Because previous studies using another mollusc Aplysia demonstrated that application of 5 μm bovine insulin activated the bag cell–neuron insulin receptor by stimulating its autophosphorylation on tyrosine residues (Jonas et al., 1996) and evoked the egg-laying hormone secretion (Jonas et al., 1997), we first used bovine insulin in our experiments to attempt to induce synaptic plasticity and then used the CNS factor solution (Fig. 5). Like insulin in vertebrates, MIPs are composed of two short amino acid chains, which are A-chain and B-chain linked by disulphide bridges, and its structure was thought to resemble that of bovine insulin (Kits et al., 1990; Li et al., 1992b).

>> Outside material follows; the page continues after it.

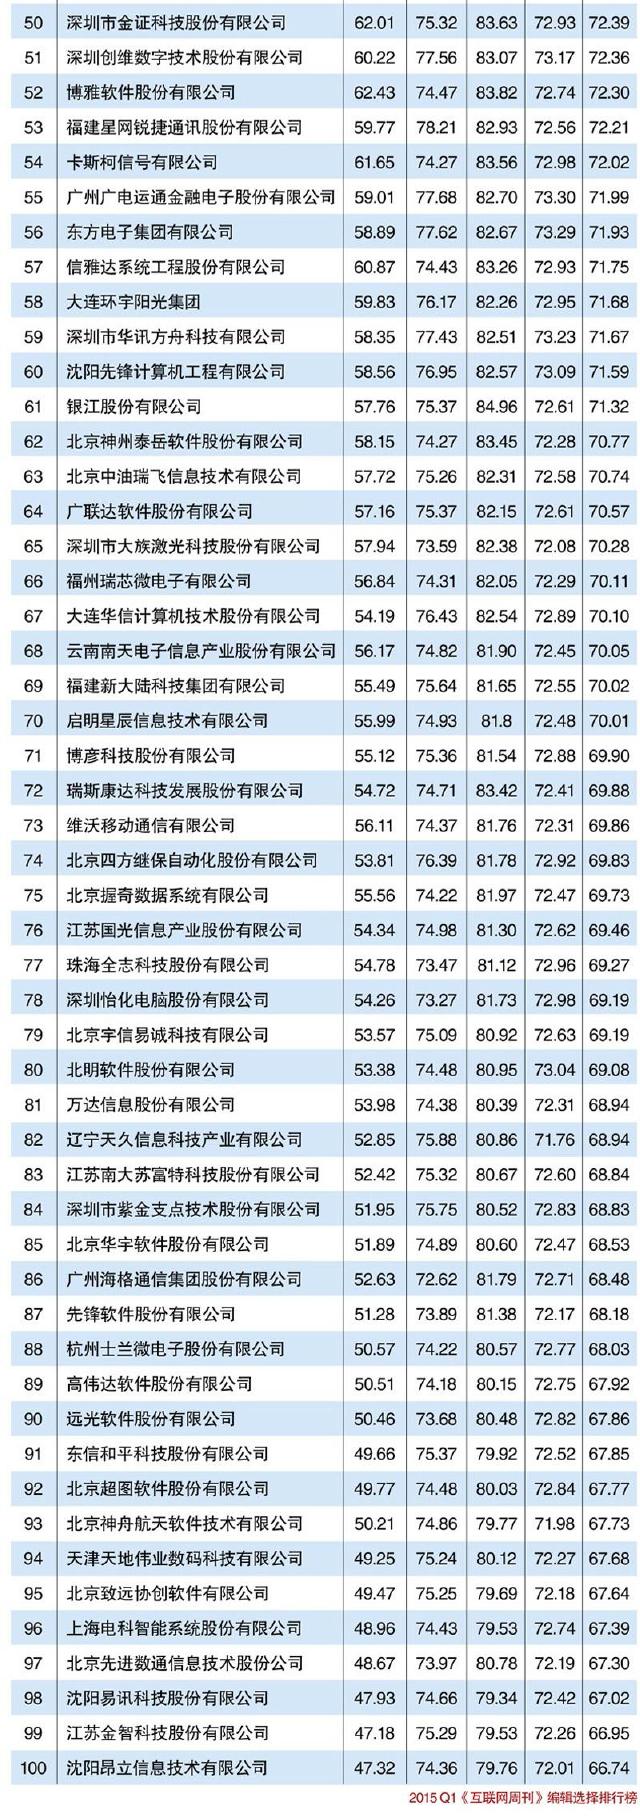 2015中国创新型软件公司TOP100排行榜(2015

When the CNS was incubated with 5 μm bovine insulin, a significantly larger EPSP was found compared with the control ones (Fig. 5A; p < 0.05, two-way repeated-measures ANOVA). The significantly larger EPSP was observed for at least 2 h. This significantly larger and long-lasting increase in EPSP amplitude allowed us to conclude that a long-term change in synaptic efficacy occurred at the CGC-B1 synapses. In control experiments using just the vehicle, a significant increase in EPSP amplitude was not observed. The number of spikes evoked in the CGC over the course of the 2 h experiment decreased slightly in both the insulin and vehicle experiments (Fig. 5B). There were no significant differences in the number of spikes elicited in the bovine insulin and control experiments.
Next, we applied the CNS factor solution. Similar to what we observed with bovine insulin, there was a long-lasting increase in the amplitude of the EPSPs recorded in the B1 motor neurons (Fig. 5C).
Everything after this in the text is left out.